A teammate is taking over your work. Give them the full context:

mx memories digest --query "checkout flow redesign" --digest-format narrative

Narrative format tells the story chronologically. They see what you tried first, what didn't work, why you pivoted, and where you landed.

Debugging Retrospective

You spent three days chasing a bug. What actually happened?

mx memories digest --query "memory leak investigation" --recent 7d --digest-format timeline

Timeline format reconstructs the debugging journey. Initial hypothesis, dead ends, breakthrough moment, final fix, lessons learned.

Architecture Decision Records

You made significant technical decisions across multiple conversations:

mx memories digest --query "database choice for analytics" --topics decision

Digest pulls every decision memory related to the analytics database: alternatives considered, trade-offs evaluated, final choice, rationale.

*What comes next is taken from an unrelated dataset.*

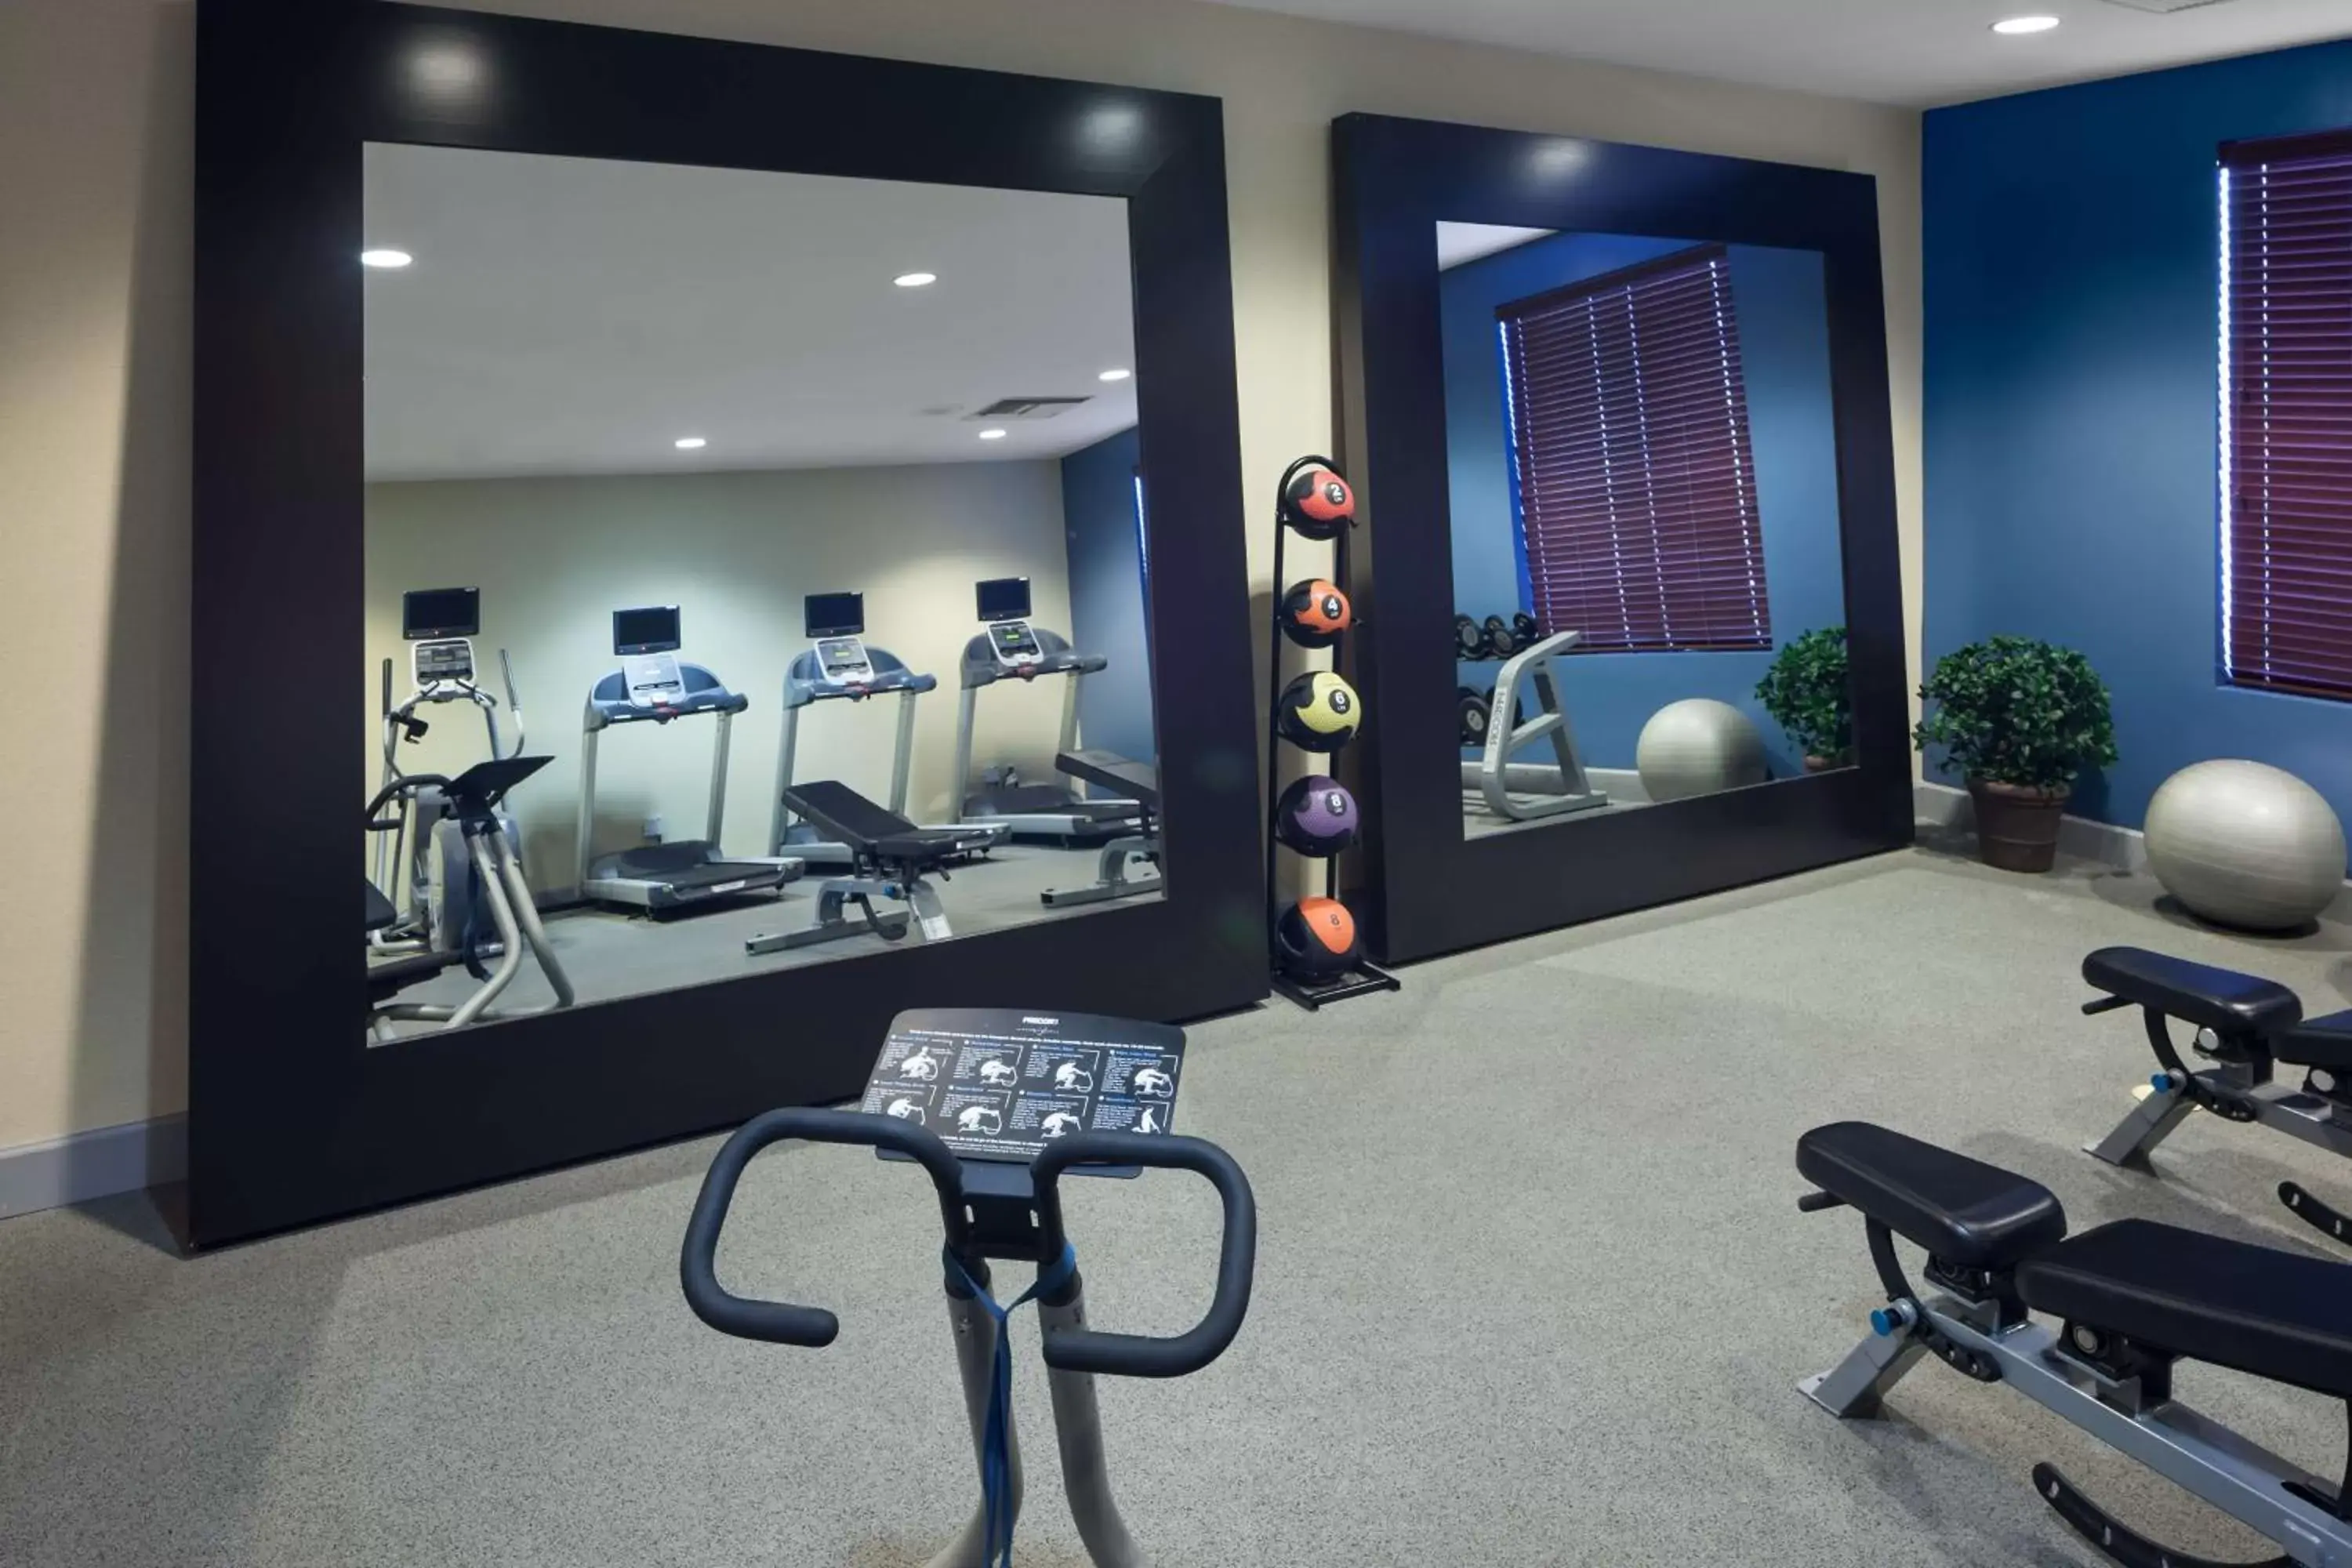 Fitness centre/facilities, Fitness Center/Facilities in Hilton Garden Inn Tucson Airport

One complete ADR assembled from your distributed decision-making process.

What This Replaces

Before digest, getting a complete project briefing required:

  1. Search for high-level memories: mx memories search --query "project name"
  2. Read the results, note missing areas
  3. Search for specifics: mx memories search --query "project name authentication"
  4. Search for related systems: mx memories search --query "project name database"
  5. Fetch individual memories: mx memories get <id1> <id2> <id3>...
  6. Manually synthesize everything you read into a coherent picture
  7. Realize you missed something, search again

This works fine for targeted questions ("what was the rate limit config?"). It breaks down for broad questions ("what's the status of everything?").

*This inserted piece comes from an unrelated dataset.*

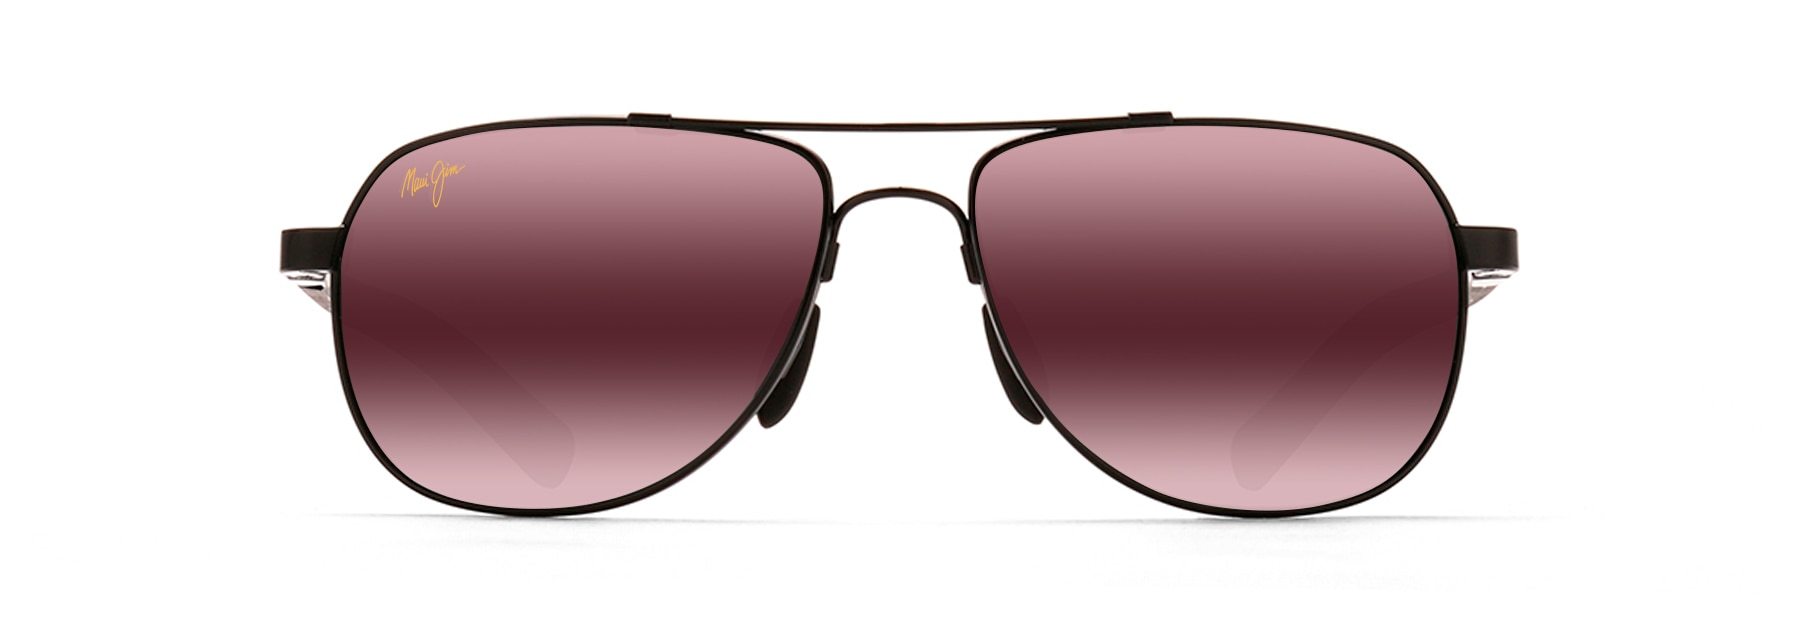 MyMaui Guardrails MM327-002 Sunglasses

Digest does steps 1-6 automatically, and step 7 doesn't happen because graph expansion finds the related work you would have missed.

The Difference

| Manual Search + Fetch | Memory Digest | |----------------------|---------------| | 6-9 separate commands | 1 command | | Might miss related context | Graph expansion finds connections | | Manual synthesis required | LLM generates coherent briefing | | Depends on keyword overlap | Follows entity and topic relationships | | Results in flat list | Organized by conversation and topic |

Try It Now

Memory Digest is available now:

  • Core API: Deployed (all 4 phases complete)
  • CLI: v1.7.33
  • SDK: v1.32.1 (TypeScript)

Update your CLI:

mx update
mx --version  # Should show 1.7.33

Get your first digest:

mx memories digest --query "what did I work on today?" --recent 24h

Ask a broad question. See what you get. Check if it missed anything. (It won't.)


Memory Digest with graph-based context expansion and intelligent caching is available now in MemNexus CLI v1.7.33 and Core API.